◆ Collected material:
——————————

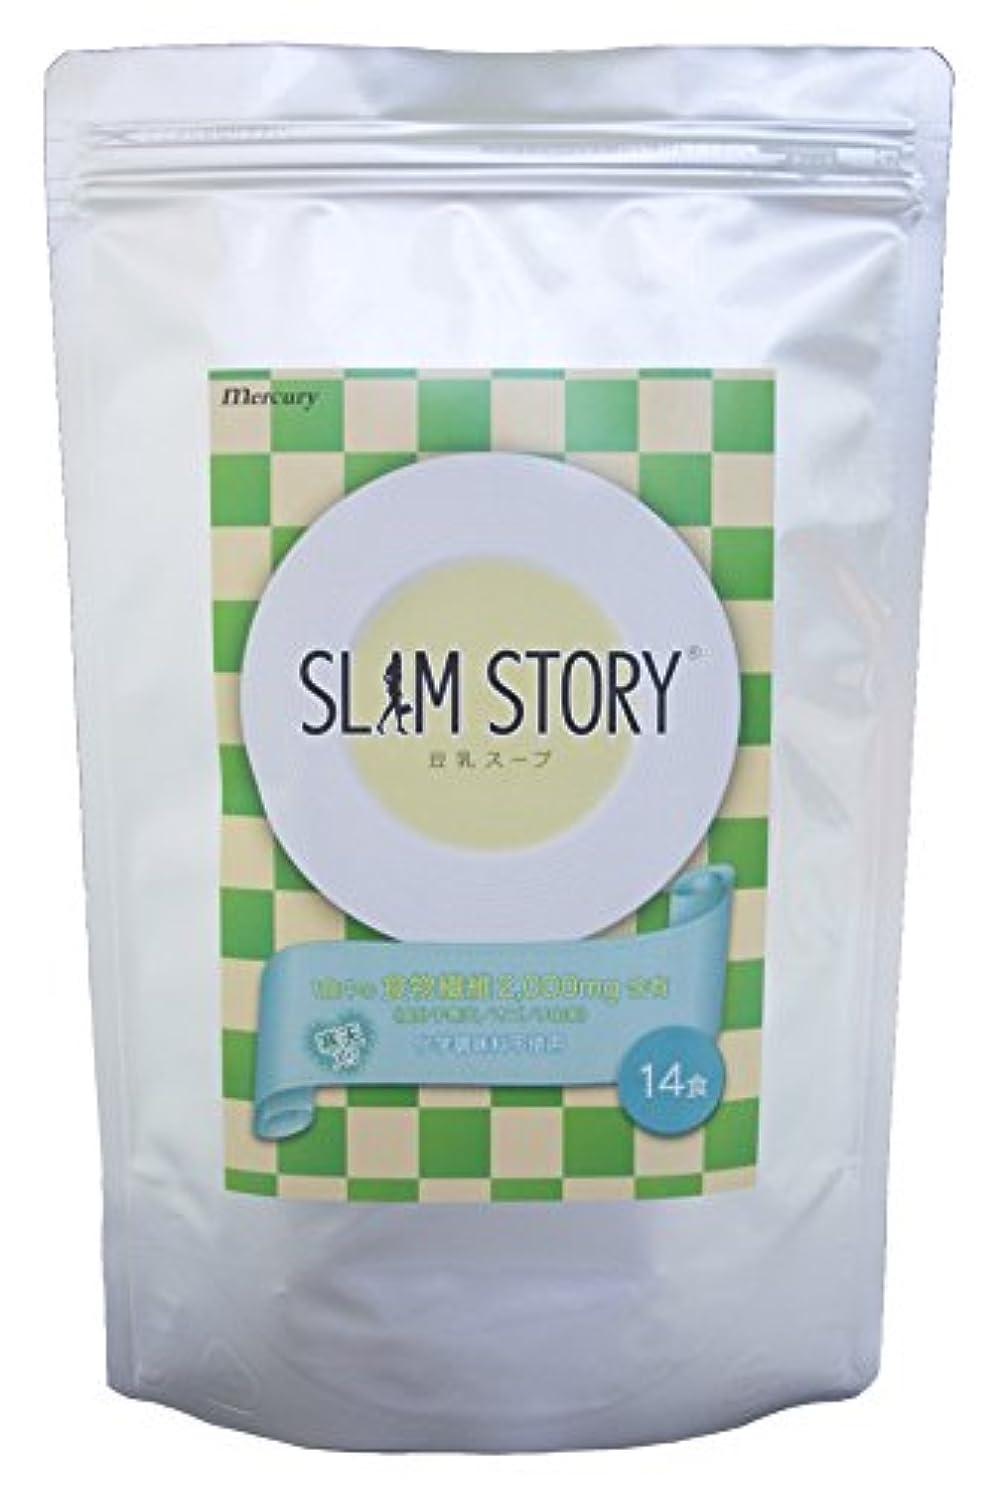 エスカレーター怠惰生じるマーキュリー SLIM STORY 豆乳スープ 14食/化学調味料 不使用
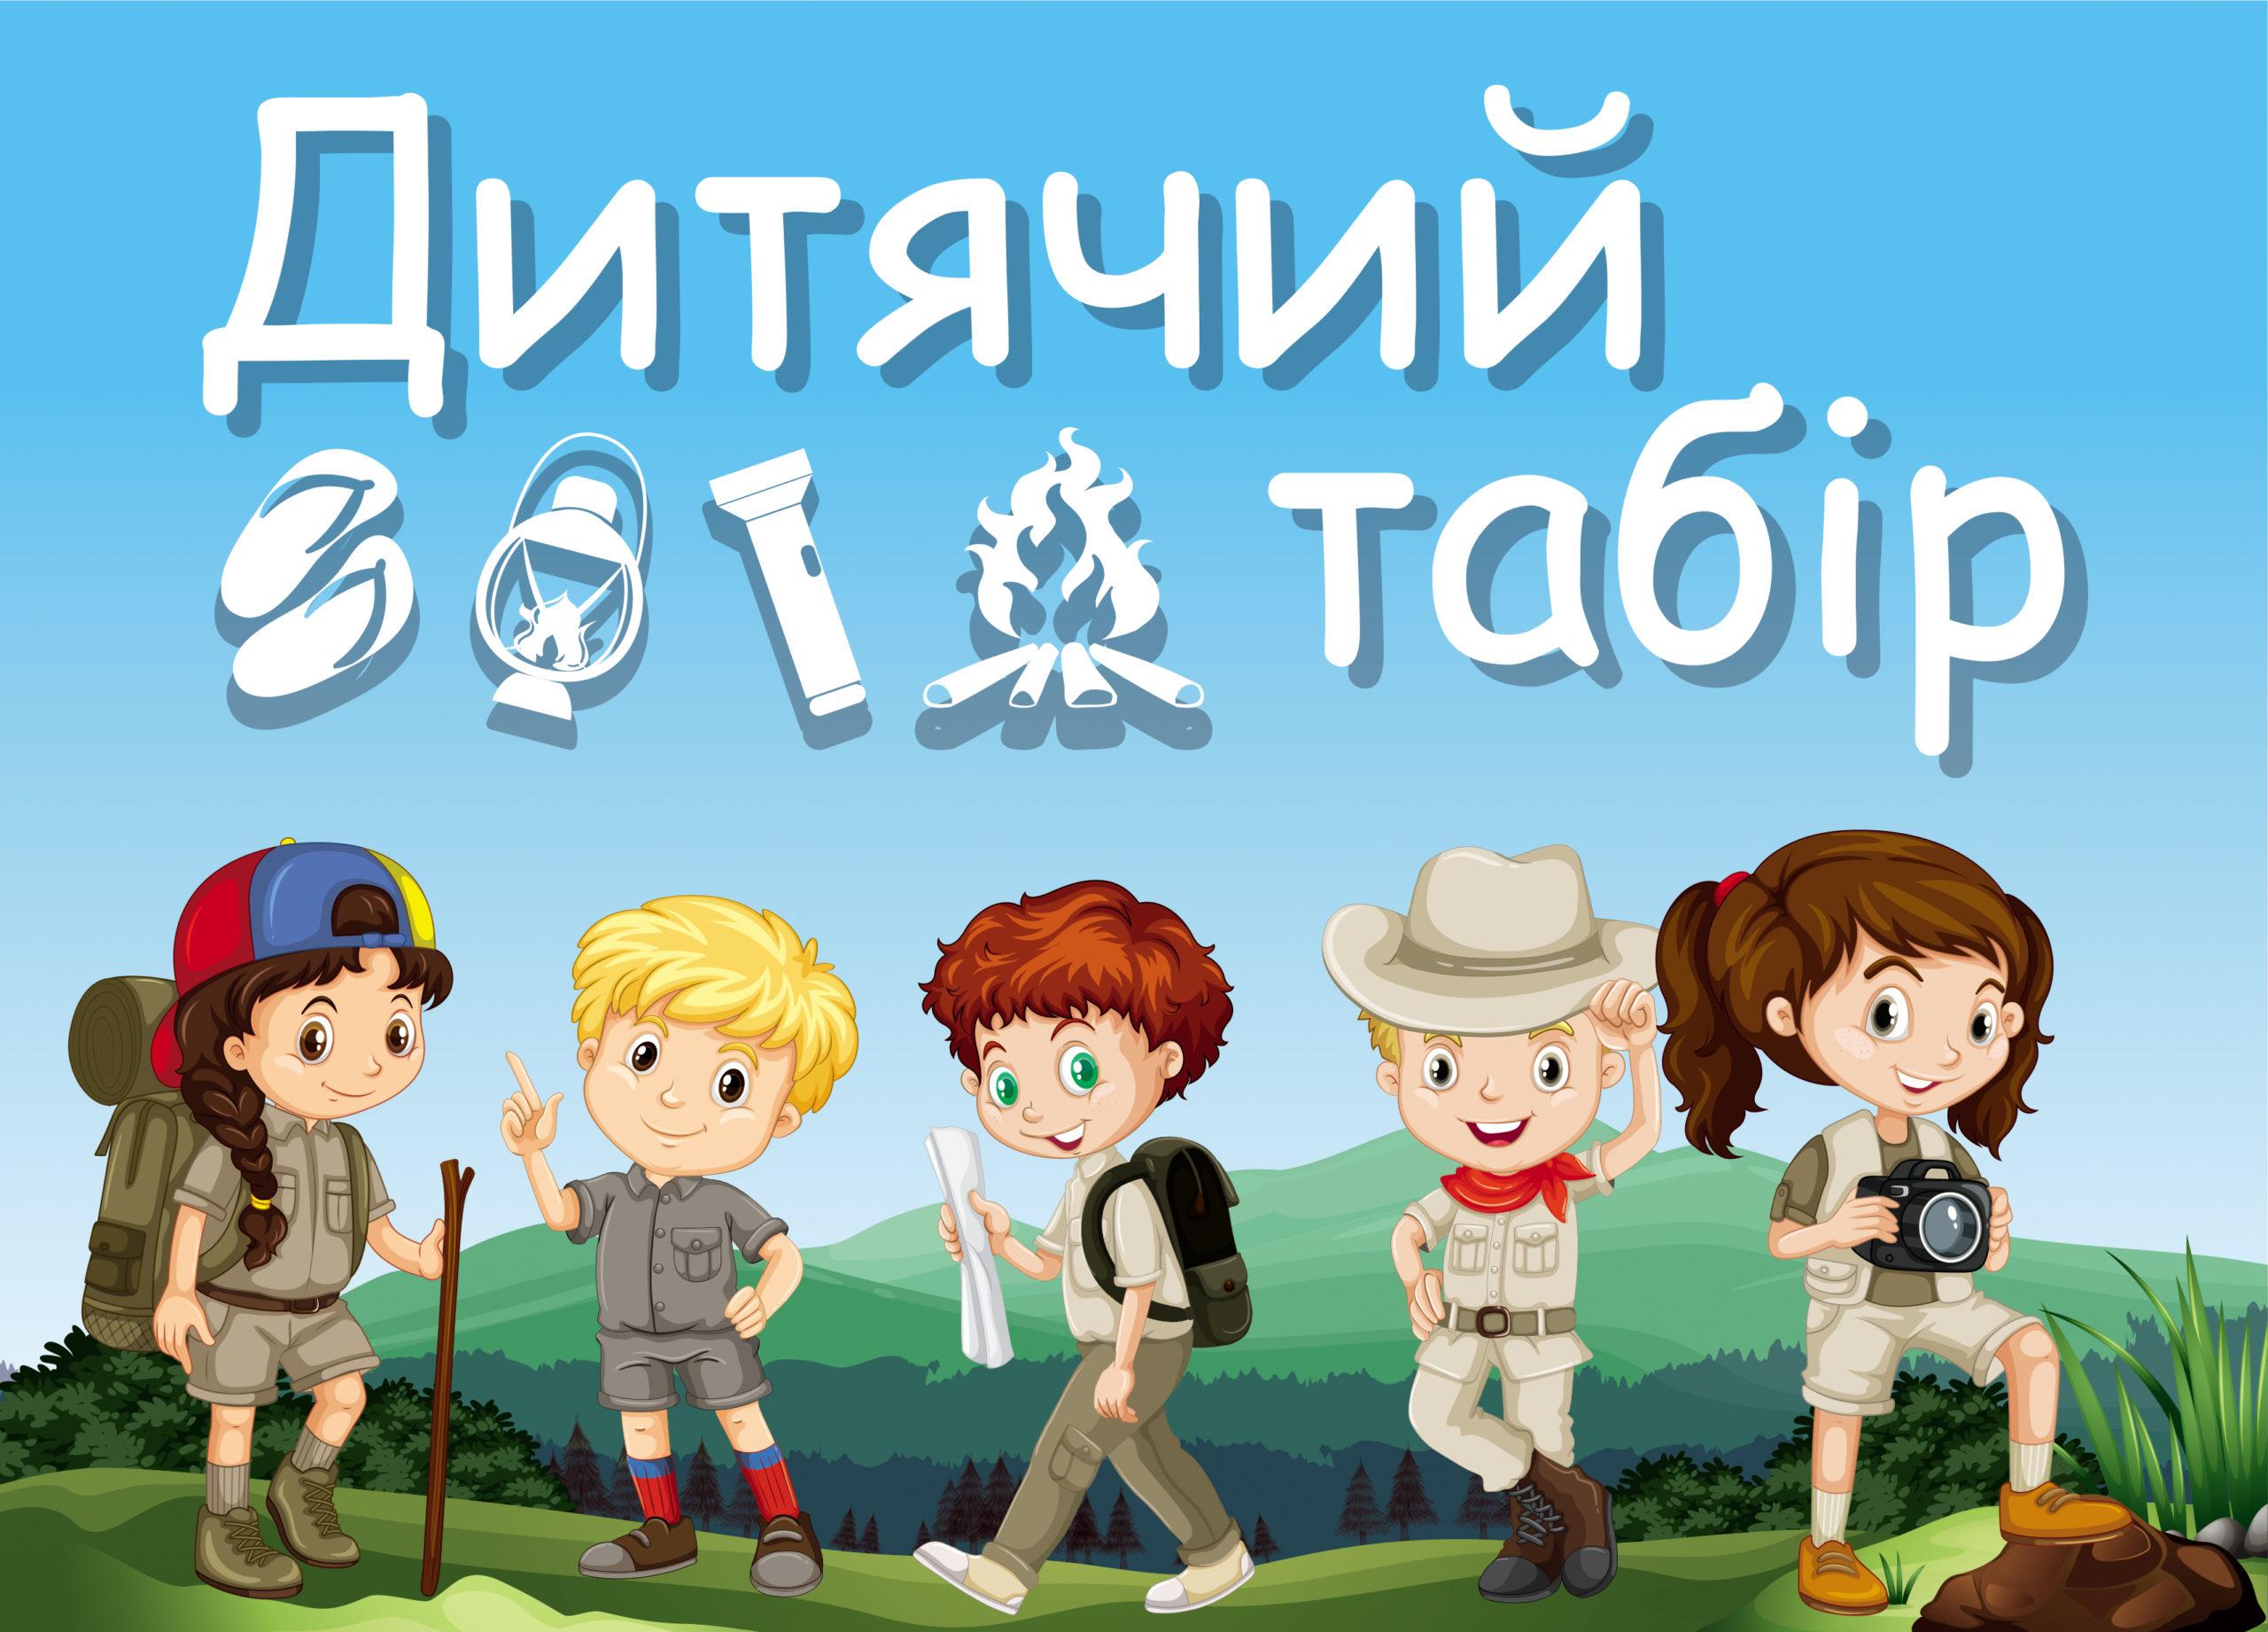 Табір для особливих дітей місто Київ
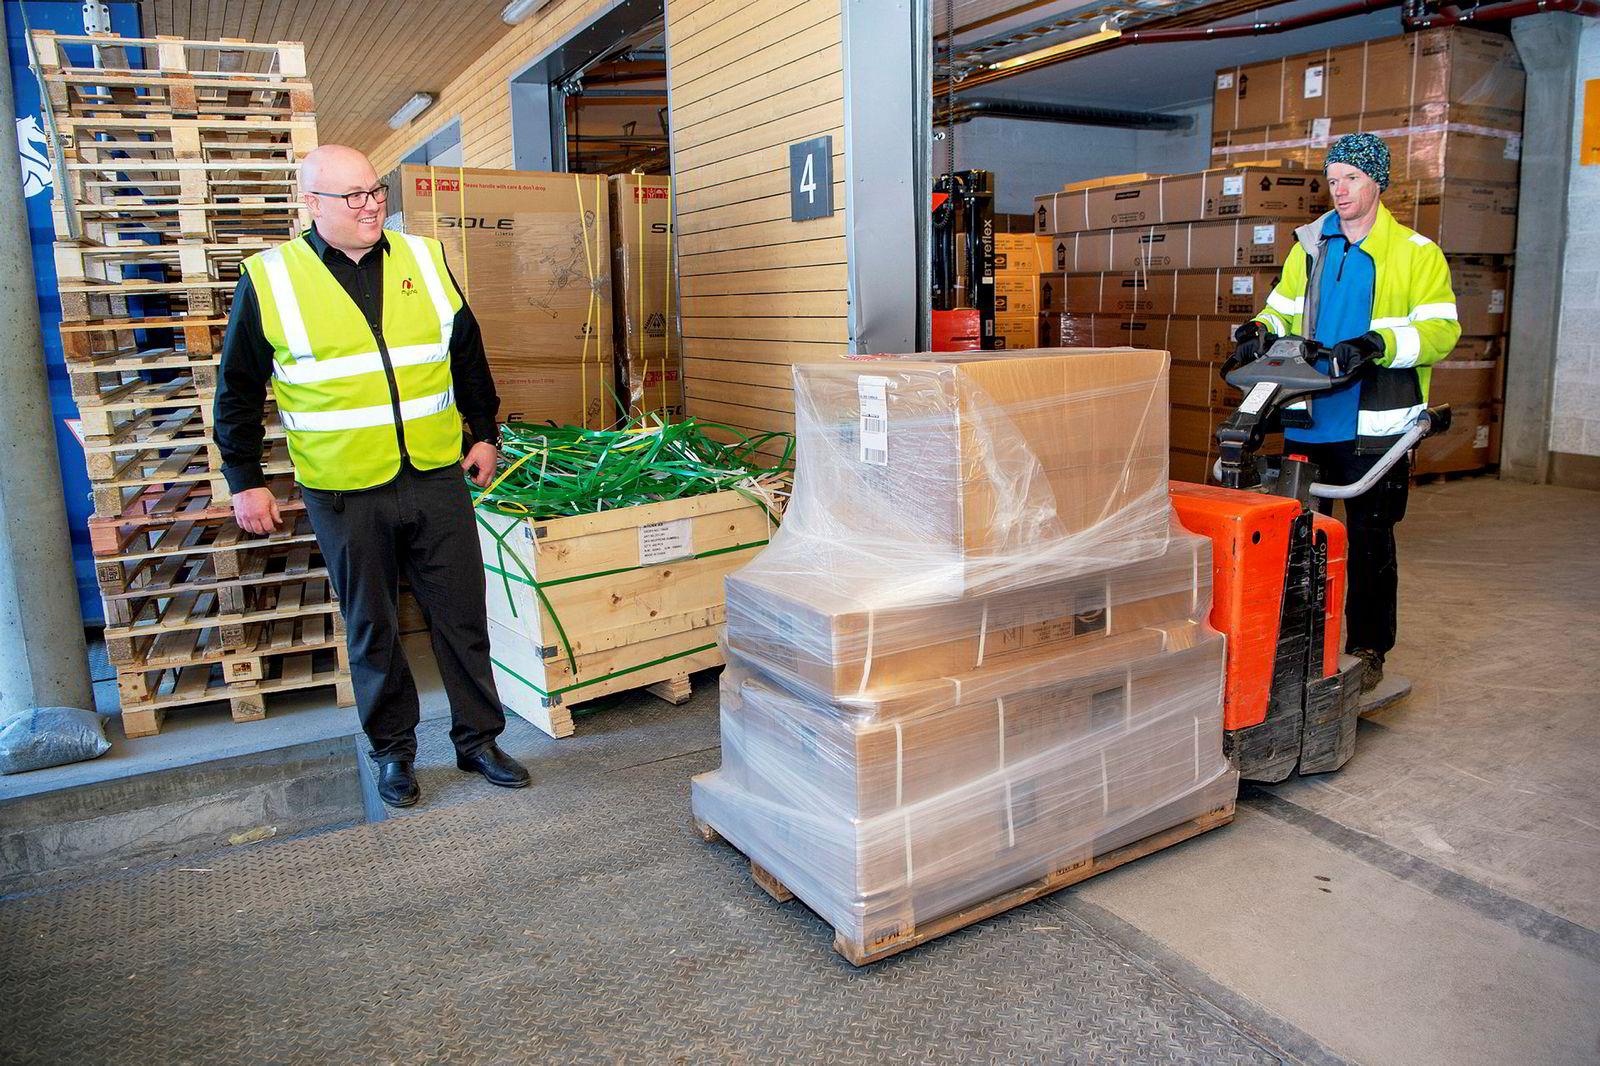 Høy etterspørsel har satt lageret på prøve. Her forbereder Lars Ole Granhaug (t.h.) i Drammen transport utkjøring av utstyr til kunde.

——————————

◆ Directions: Beginning with the line that holds "Табір для особливих дітей місто Київ", output each line to the end of the material above, exactly, omitting the pictures.

◆ Task answer:
 Табір для особливих дітей місто Київ
 Høy etterspørsel har satt lageret på prøve. Her forbereder Lars Ole Granhaug (t.h.) i Drammen transport utkjøring av utstyr til kunde.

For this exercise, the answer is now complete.